The Papercup CEO added, “In the future, we imagine that this will also work in parallel with lip-syncing, so that the audio would match the lip-movements and vice-versa.” (As reported by Slator, lip-sync tech got a small boost when Synthesia closed a USD 3m round in 2019.)
From Synthetic Dubbing to Multilingual Human Conversation
Founders Jesse Shemen and Jiameng Gao met at startup accelerator Entrepreneur First (EF) in 2017. Members have to pair up to be eligible for the final weeks of the EF program, which culminates with a pitch to an investment committee. Shemen recalled how during the early weeks at EF, Gao could not find a co-founder. The reason: “He was incredibly stubborn about working on voice translation.”
Shemen added, “I quickly figured out how incredibly smart and oddly obsessed with speech processing he is. So much so that he completed two Masters at Cambridge in machine learning and speech language technology, and wrote a thesis on speaker-adaptive speech processing.”
“Down the line, we think we’ll be able to extend our technology to human conversation — allowing any two people to speak with one another regardless of […] language”
Two examples of Gao’s research are published on arXiv: Real-time text-to-speech (“hopefully paving the way for real-time simultaneous voice translation down the line,” Shemen said) and breaking down phoneme units into phonological features (“which we’ve shown could be helpful to synthesize speech in a new language” even with no prior knowledge of that language).
At EF, the duo quickly buckled down to build a prototype that would be applicable in a production environment.
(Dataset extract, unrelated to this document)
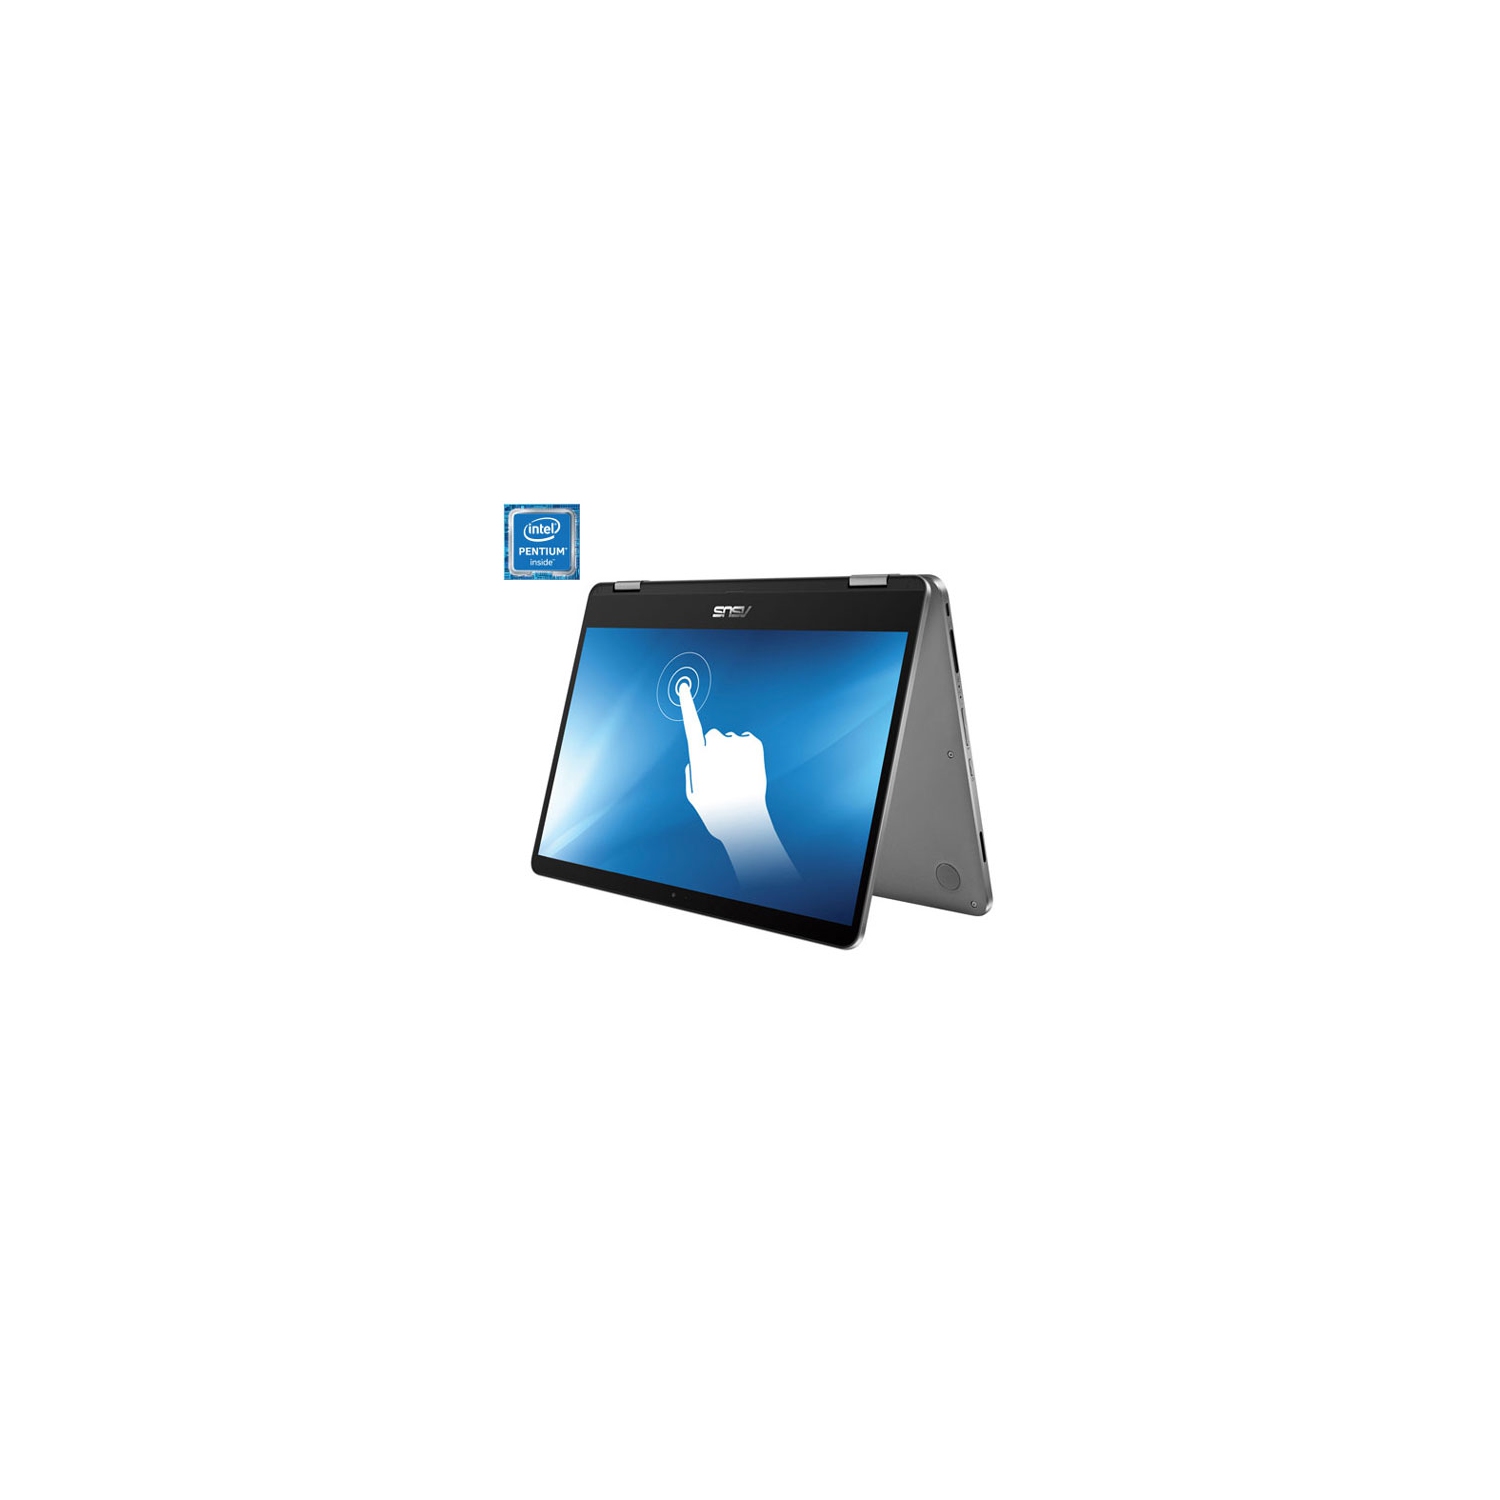 Refurbished (Fair) - ASUS VivoBook Flip 14" 2-in-1 Laptop (Intel/128GB SSD/4GB RAM/Win 10S)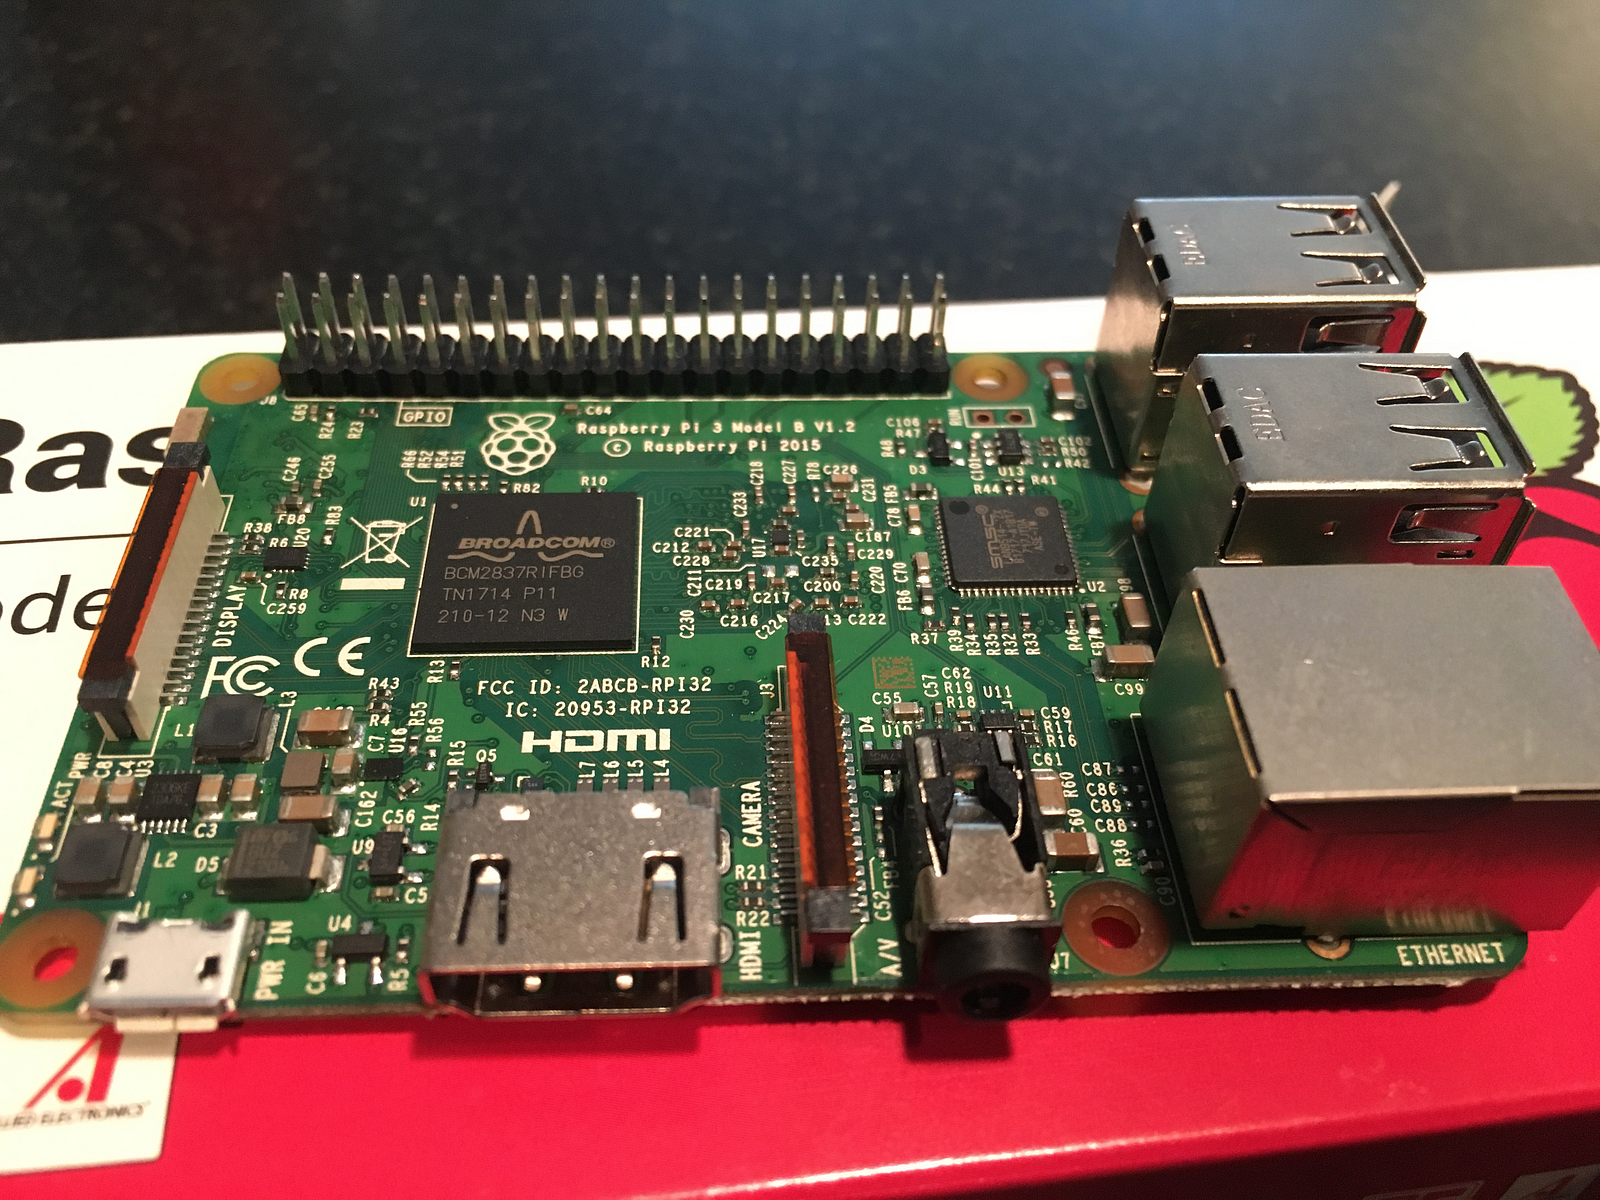 Meet the Raspberry Pi 3 Model B+

By September 2018, they had closed a GBP 2m round led by LocalGlobe and participated in by British media outfit Sky, Guardian Media Ventures, EF, and angels investors.
Among the latter: William Tunstall-Pedoe, who founded Evi, which Amazon acquired to create Alexa; and Zoubin Ghahramani, former Chief Scientist and VP of AI at Uber, who is now on the Google Brain leadership team.
Papercup landed two Innovate UK grants as well, awarded in 2018 and 2020, worth a total of GBP 600,000. They also brought in two professors as science advisers: Simon King, Professor of Speech Processing at the University of Edinburgh, and Mark Gales, of the Cambridge Machine Intelligence Lab.
Papercup now comprises a team of 20 and “we certainly hope to add a handful more people across machine learning and engineering,” Shemen said, adding that theirs is “a growing team and is effectively very similar to the structure that Rev, Unbabel, and the like use.” (Co-founder and CTO Jiamen Gao referenced Unbabel in a recent Papercup blog post.)
“The ultimate aim with our technology is simple,” Shemen told Slator. “We want to make all voice-based content, whether a TED lecture or live news coverage of the Olympics, consumable in any language. But we also want to take it a step further. Down the line, we think we’ll be able to extend our technology to human conversation — allowing any two people to speak with one another regardless of what language they happen to speak. In other words, your voice in another language.”